First, the background on how I discovered this issue. This happened when using MySQL 5.7 and the DB — as well as the related table — are using MyISAM.
I was debugging some code — and related MySQL queries — on a website I manage and found the bottleneck: It turns out a fulltext search was running a MATCH
referencing a column that was not a part of the fulltext index for the table with 100,000+ rows. Hooray! I rebuilt the fulltext index adding the missing column, and suddenly a query that took 4.7 seconds to run ran in 0.0007 seconds!
But here is what baffles me: Why didn’t a MySQL fulltext search IN BOOLEAN MODE
fail when referencing a missing column? Instead — in this case — it just ran slowly but gave correct results. Why didn’t it just fail?
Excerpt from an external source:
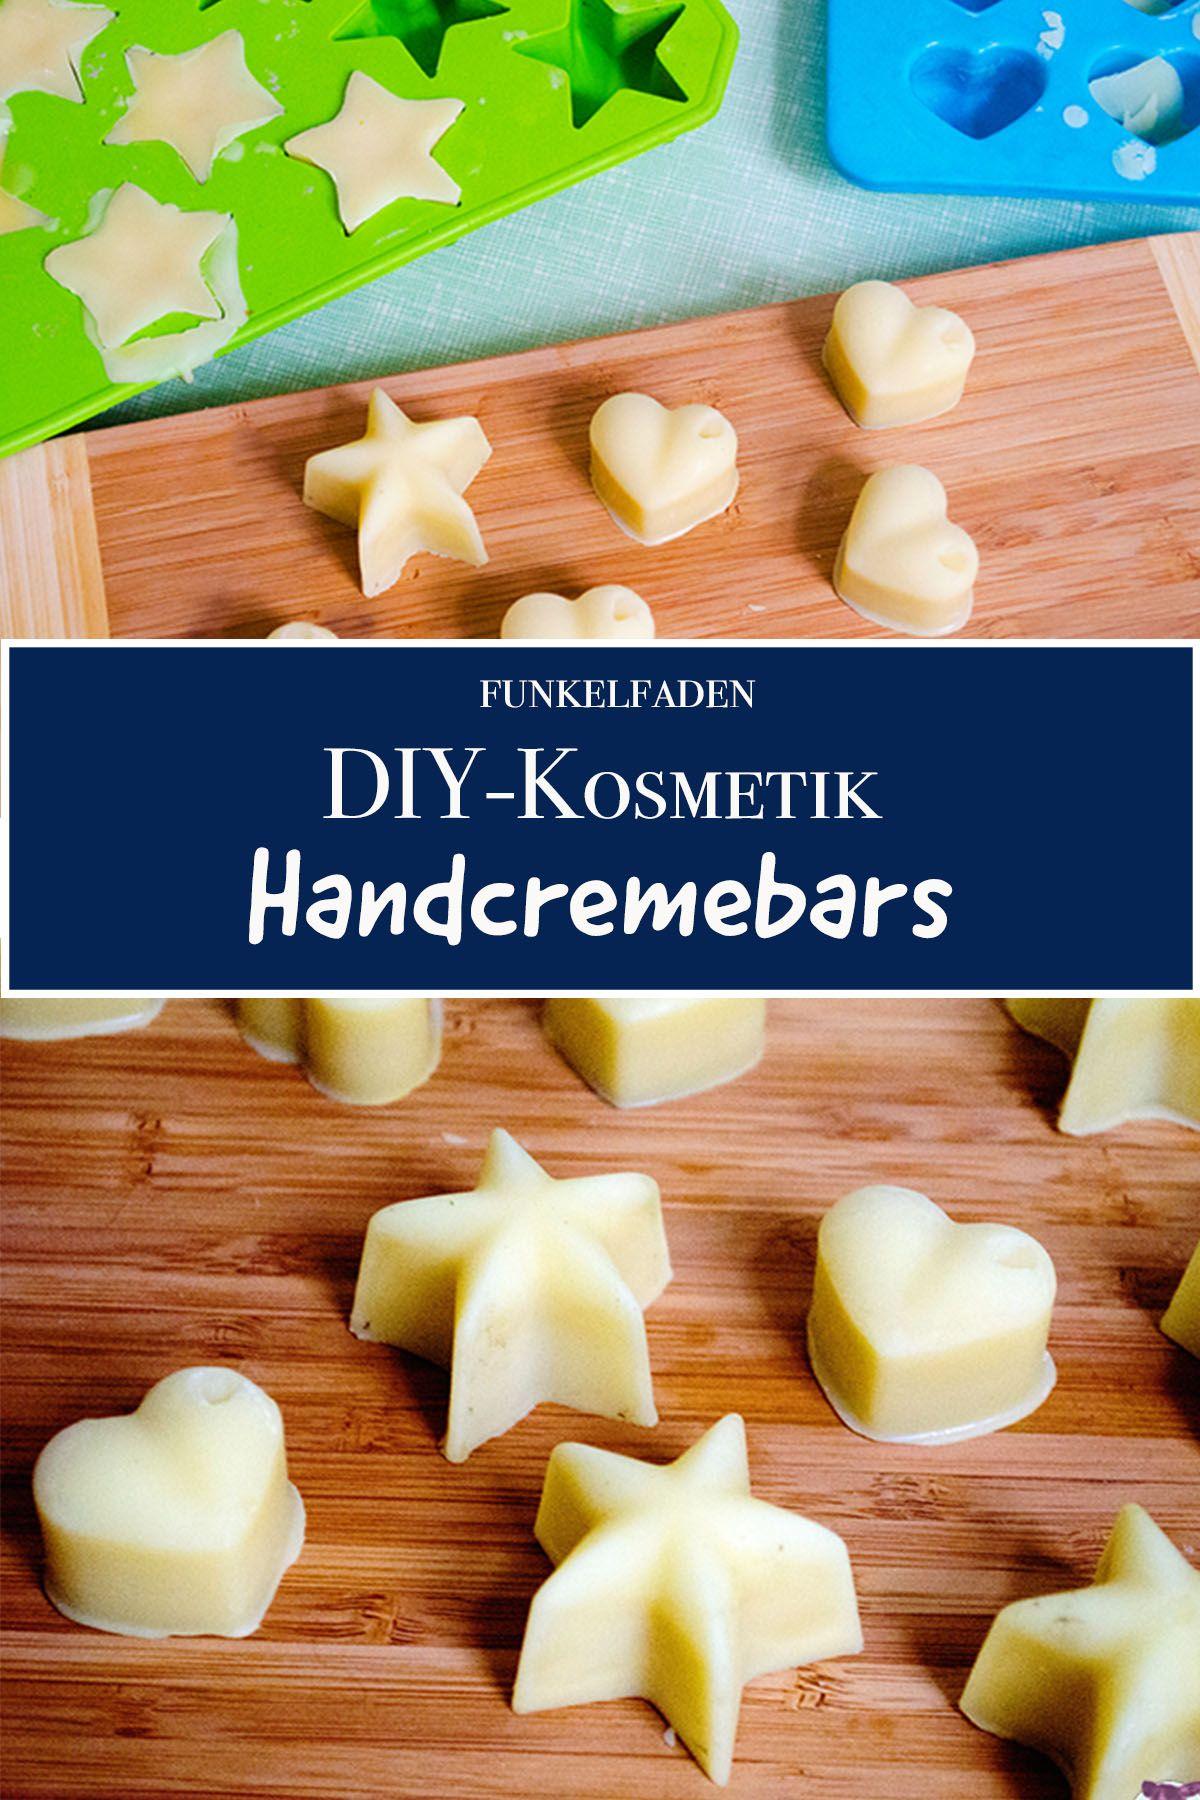 Photo of DIY – Handcremebars selbermachen – Funkelfaden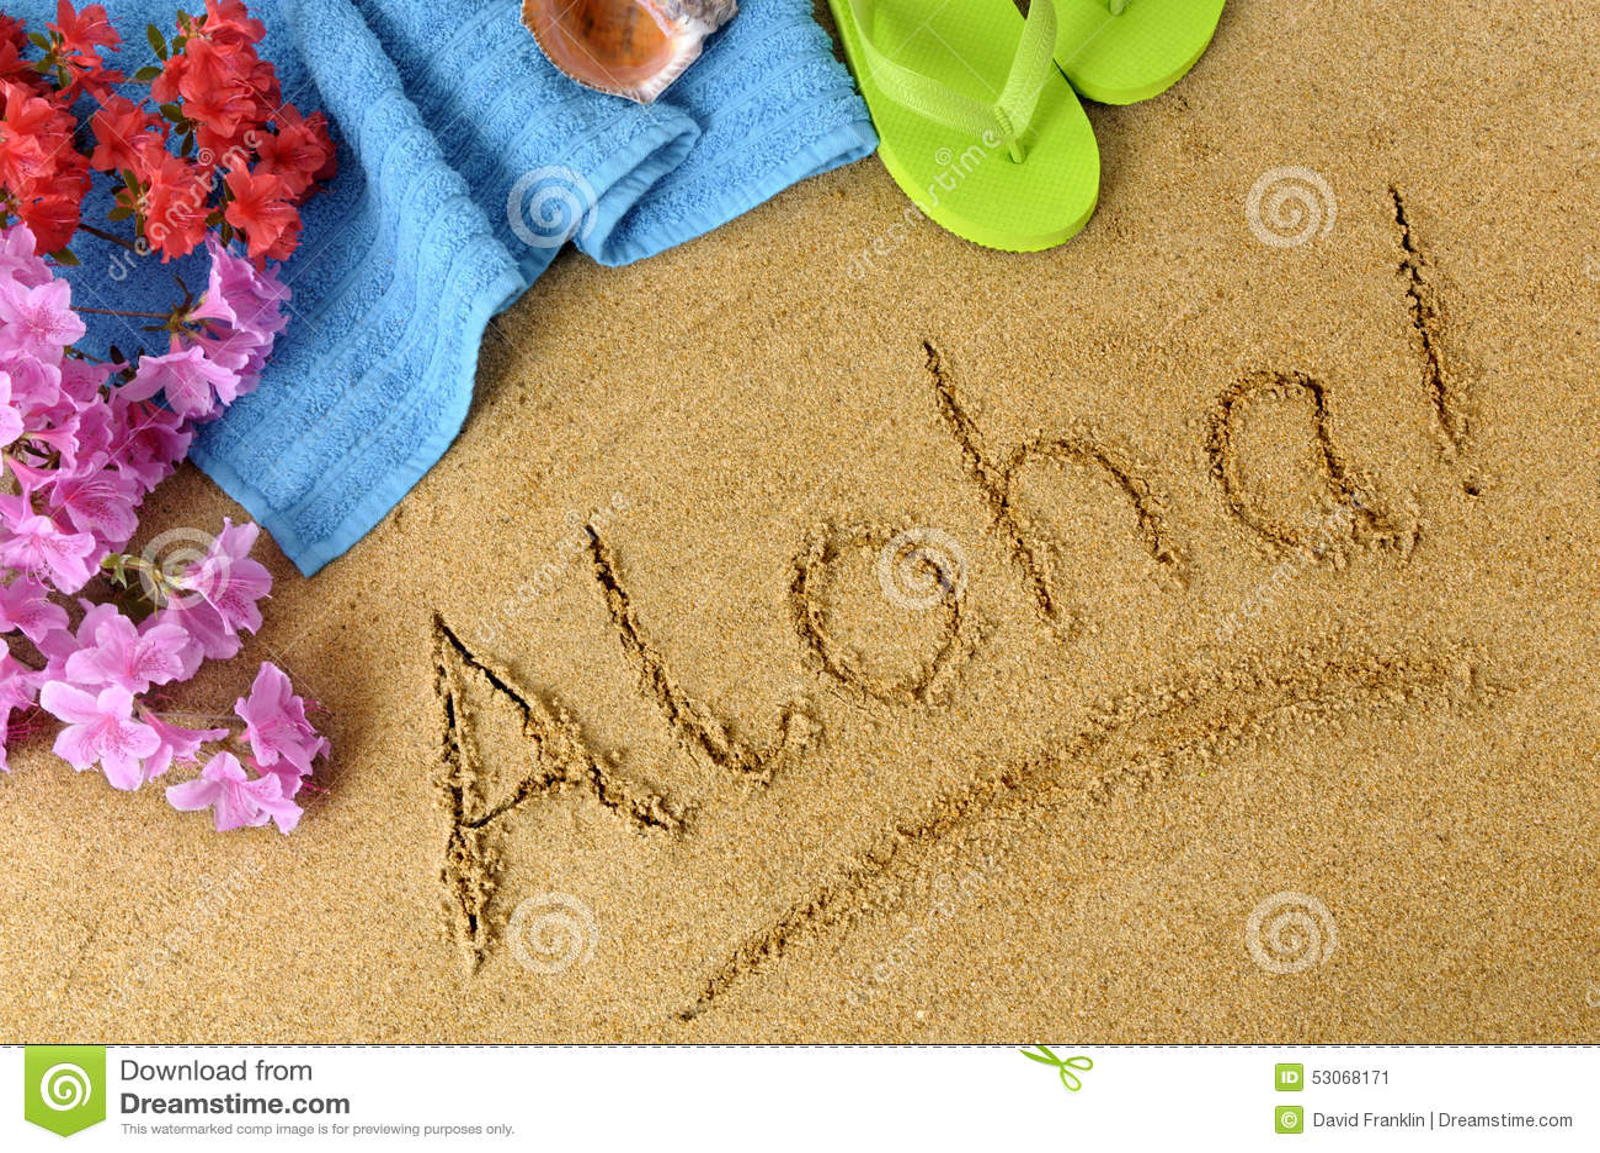 free aloha porn

Is this a bug or a feature?
I mean, when I ran the same query in other fulltext modes such as these:
AGAINST ('Happy' IN NATURAL LANGUAGE MODE)
AGAINST ('Happy' IN NATURAL LANGUAGE MODE WITH QUERY EXPANSION)
AGAINST ('Happy' WITH QUERY EXPANSION)
I immediately got this MySQL error:
#1191 - Can't find FULLTEXT index matching the column list
To me, a failure like that would have been more useful than MySQL seemingly doing a full table search. Instead, the query was simply degraded to being accurate but extremely slow.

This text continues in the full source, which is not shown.